Am I speaking of Tom Selleck? Shit no. I’m talking about the mother-fucking bandit himself, Burt Reynolds. What you probably know is that he spends most of his time wearing Neoprene vests and destroying our U.S. interstates with his Trans Am but what you may not have known is that Mr. Reynolds is also a very knowledgeable wine appreciator. Because his birthday is coming up I thought it’d be a good time to get him to give us a few of his thoughts on what wine has done for him in his life. So without further introduction, and on his birthday, I give you Sir Dr. Burt Reynolds.

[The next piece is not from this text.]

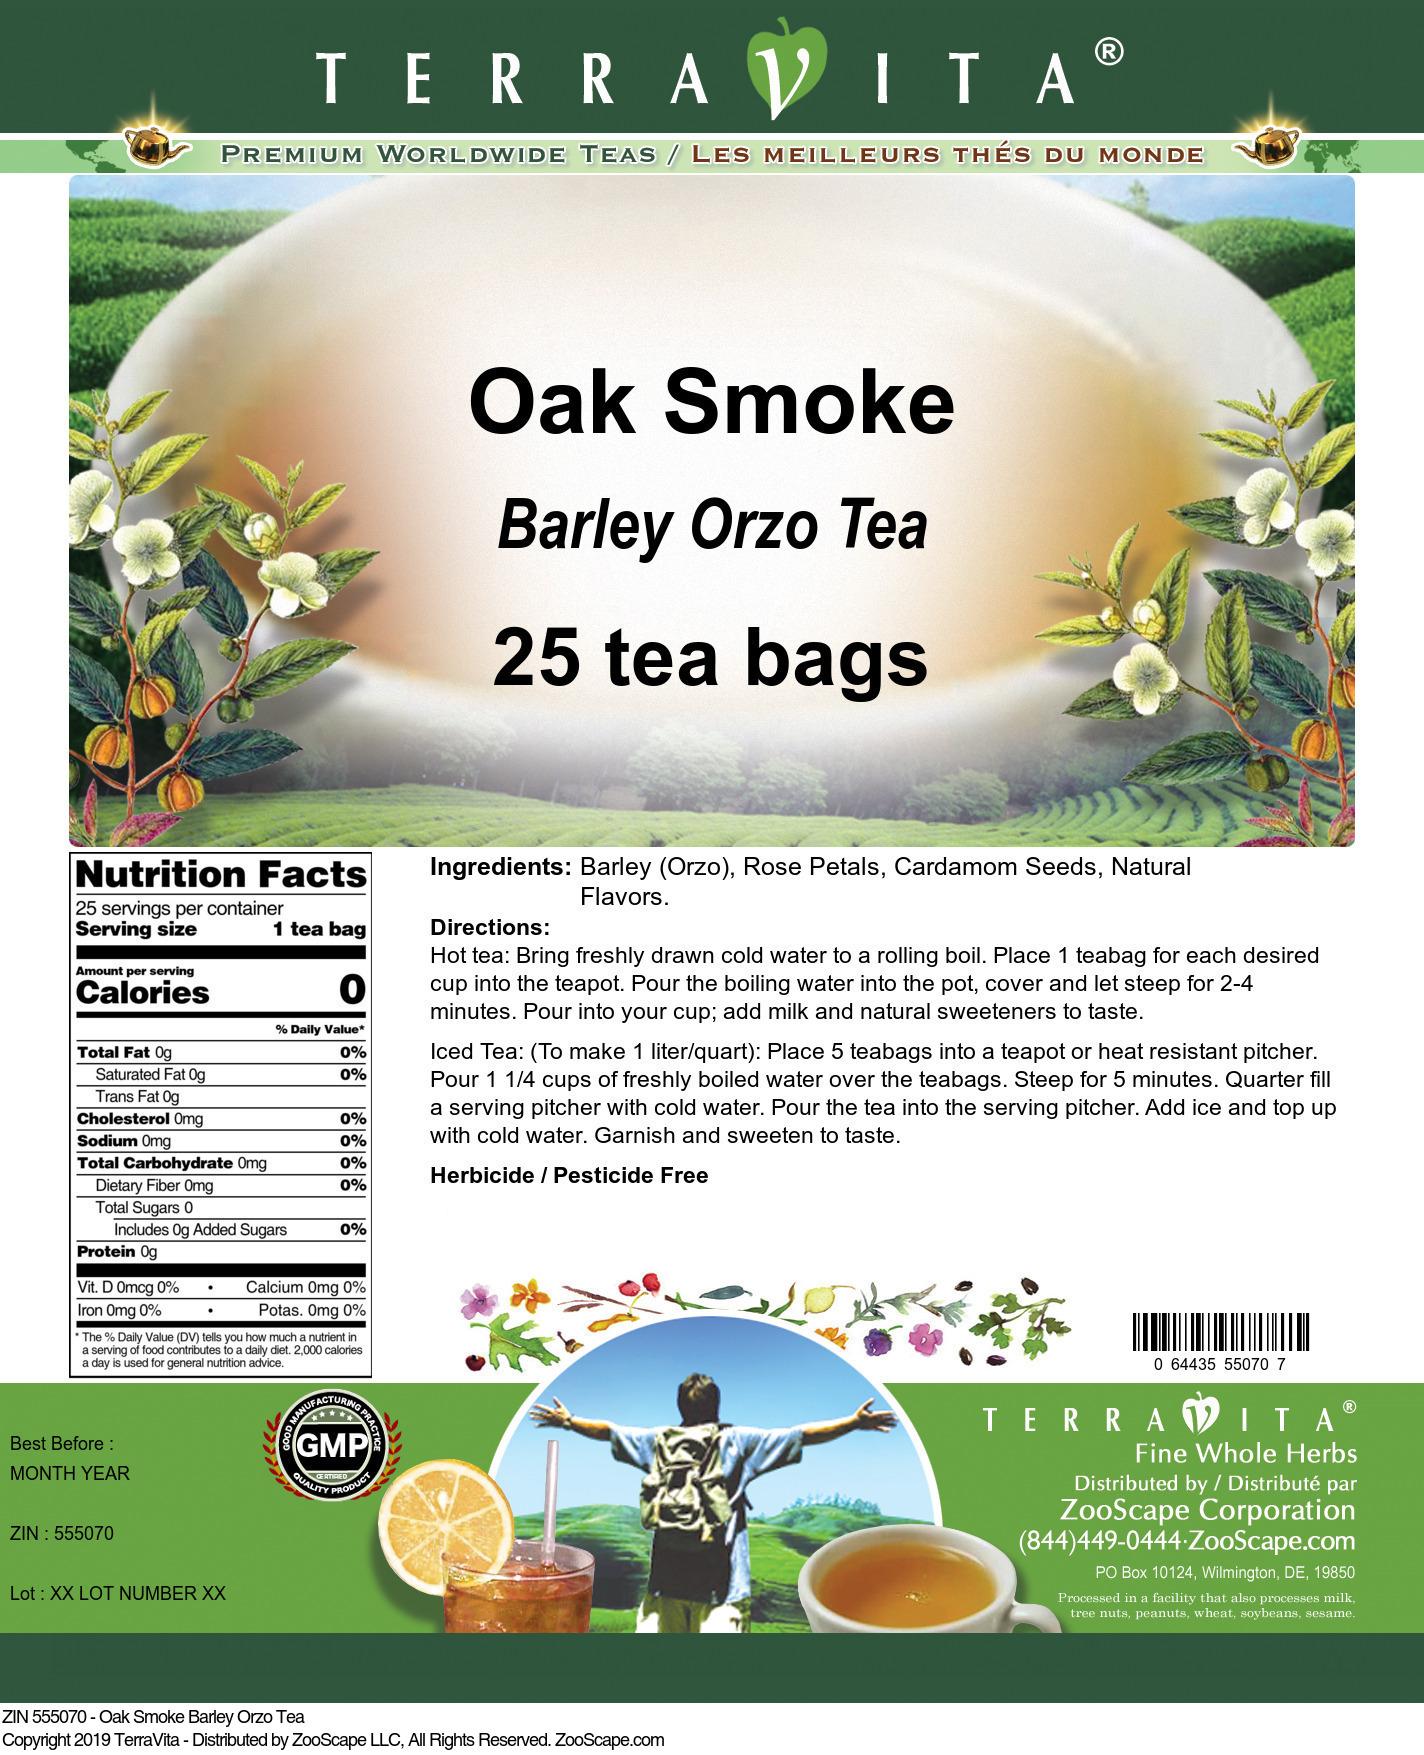 Oak Smoke Barley Orzo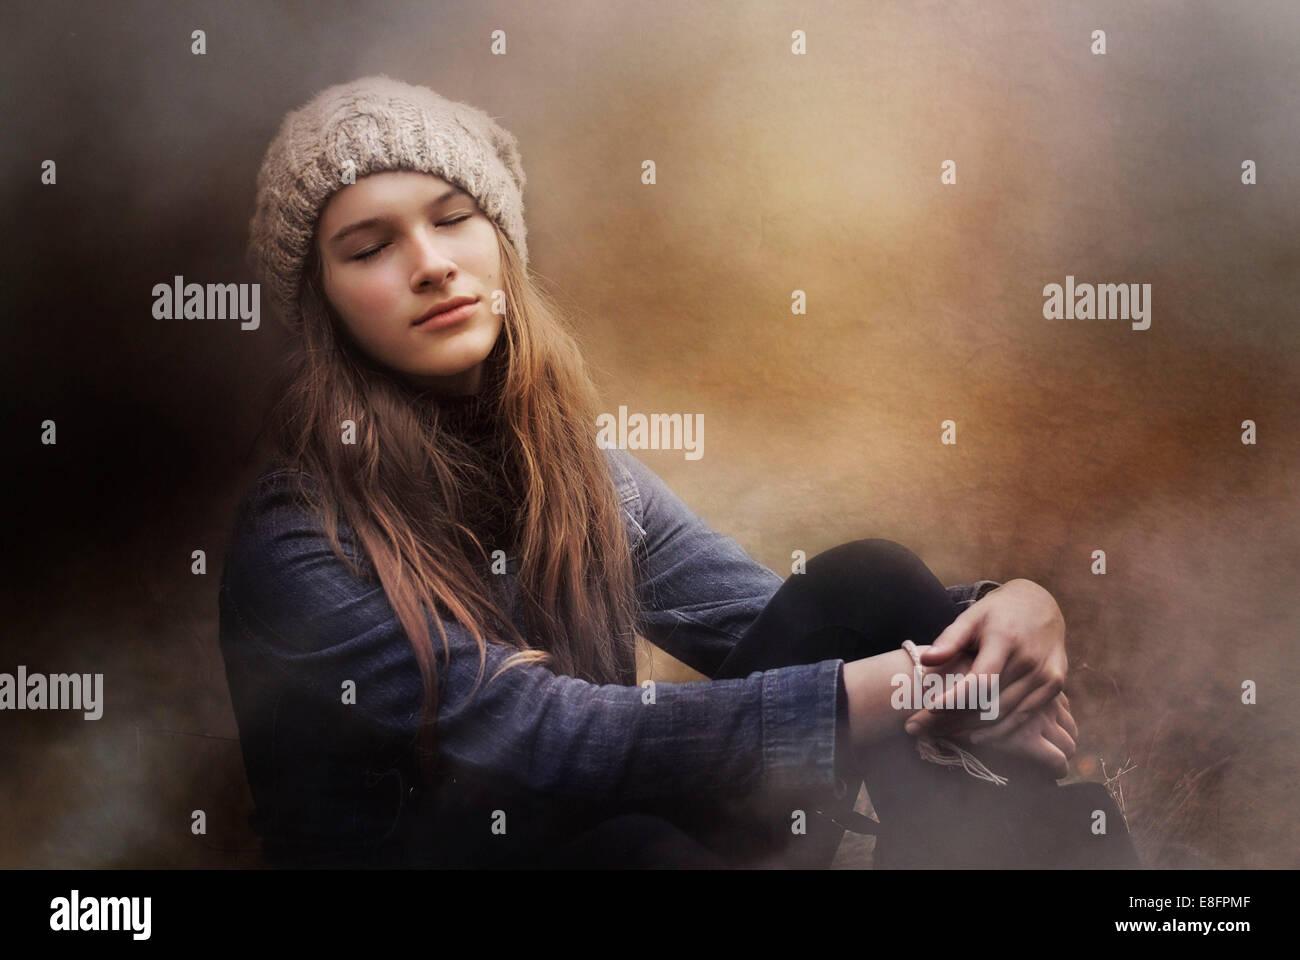 Teenage girl day dreaming Photo Stock

Wine? Yeah, I’ve been known to drink it. I’ve also been known to snort copious amounts of blow from the ass crack of a shaven donkey. I don’t see anyone wanting me to write about that. I could write about that kind of stuff forever. Or how about the time I powdered a dozen donuts with a half ounce of Molly? I seriously thought I was Lee Majors for almost a week. Not Lee Majors as in his character from The Six Million Dollar Man, but the actual Lee Majors. The guy was unbreakable man. I once saw him nose dive into an empty swimming pool. When he finally came to he screamed “water’s for assholes” and began doing a butterfly stroke across naked concrete. That’s a fucking man if you ask me. Is he still alive? Anyone know? Well if he is dead I bet a syringe, a .38 Special loaded with blanks, a boombox playing a Sinatra tape, his lawyer, and a small Thai boy were all in the room when it happened.
Why does Burt Reynolds like wine? Well, it tastes good, it makes food taste better, it gets stuck in my mustache and provides a little surprise libation later on in the day and most of all, chicks love it.
But I digress. I was asked by the guy who runs this electropage to give some thoughts about some of my favorite pairings. I’m assuming he means pairing wine with food but I only eat two things, jerky (be it beef, rattlesnake, caribou, dog, turkey, honey badger, meerkat, horse, earthworm, nutria, or marmoset) and ice cream sandwiches. It’d get pretty boring talking about the few wines that pair with those food products so instead I’m going to discuss wine pairings with things in my life that I enjoy. Life moment wine pairings, which some may say is a fairly conceptual undertaking. Others may be surprised I even know the word conceptual.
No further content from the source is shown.